Sticks and stones and other things

A dear friend of mine said this morning, "Words hurt." At this very moment, I whole-heartedly agree. As much as I want to say that words don't mean as much as actions, today I have to take that all back.

Words can be uplifting or devastating. The Bible itself has many things to say about that little member we call the tongue. James 3:8 says, "But no man can tame the tongue. It is an unruly evil, full of deadly poison," and I will agree. So many times we just don't think about the things that come out of our mouths. Then again, there are times we do think, but it is in a moment of passion, saying things that we regret but cannot take back.

When a person is hit by a barrage of words spoken in anger, frustration or fear, even though the recipient's face may reflect hurt, anger, fear or neutrality, the hurt runs deep. It runs to the very quick of the soul, planting a poison that cannot easily be contained.

When misunderstanding or assumption is mixed in, hurt spreads faster, deeper than we can imagine. The person who is assaulted by the barrage is left wounded, wondering what they had done or why they are the victim. To me, this kind of assault is as bad as a physical assault. The wounds are evident, if only for a small amount of time in the countenance of the person, but that person will carry that assault with them for a lifetime, wounding the self-esteem, the confidence, the joy that they had held prior.

I have to wonder sometimes, if a person who wounds another person in such a way has been wounded themselves sometime in the past. And as I sit and ponder that question, I have come to the conclusion that, yes, they have. It may not have been intentional. It may have been an invisible sibling rivalry that sprung up when they were yet in grade school. It may have been a word that was spoken by a parent or a person that was held in high esteem. A person on the receiving end of a barrage may never know the hurt the other person experienced, in fact, the person spewing the poison may not fully know themselves.
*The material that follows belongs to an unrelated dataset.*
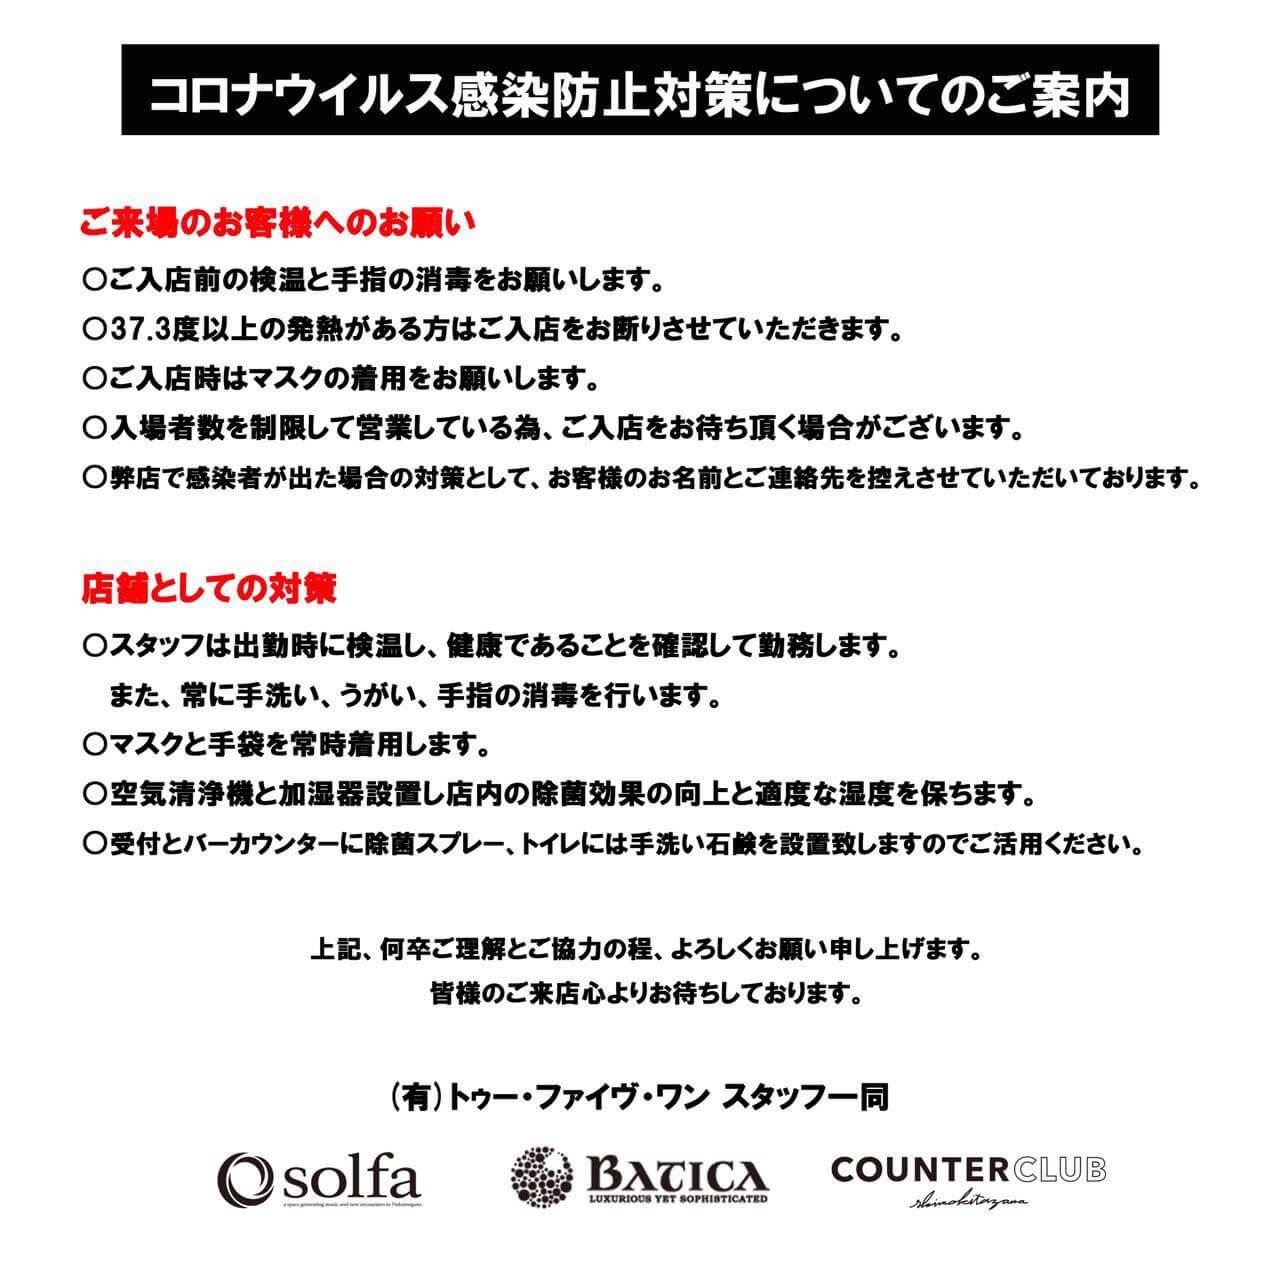 OK CLAN、LSBOYZ、JUMANJI、MFSらが登場する配信イベントが12月18日に中目黒solfaで開催 music201215-okusanight-2

So, what then? Are we to take the anger, the bitterness, the fear, the hate? No, but to retaliate with the same only puts you on a level you shouldn't be on. As much as your heart may hurt, it is imperative that you trust the situation to God. Okay, I hear the noise y'all are making out there, the questions of why. It's simple; God knows your heart, and He knows the heart of the one who is the speaker of the words. He will hear your cries and give you peace, even if you are not privy to the why of the matter. He will work in your heart and the heart of the offender. Even if the end result is separation, it is for the better. Yes, there will be heartbreak and sadness, but the poison will be out of your system, so to speak. If you are part and parcel of the outburst because of a misstep, then apology and an attempt at restoration are mandatory for you. If the other party is unwilling to accept either, then it is on them, you must wash your hands of the situation, give it to God and don't look back. Will you be tempted to go back to try to do more? Yes, and God will allow you to do that as many times as you want to, but until you trust and have faith that He is able and willing to handle the situation, it is an exercise in futility.

Give it to God. Lay it at His feet, then walk away from it. Its not worth the heartache. Its not worth the decline in health because you continue to pick it up to try to deal with it on your own. You don't know the root cause, therefore you cannot fix it. Its not worth the rift it will cause by constantly picking it up and revisiting it. Healing comes from Jehovah Rapha and no other. We have to trust in that.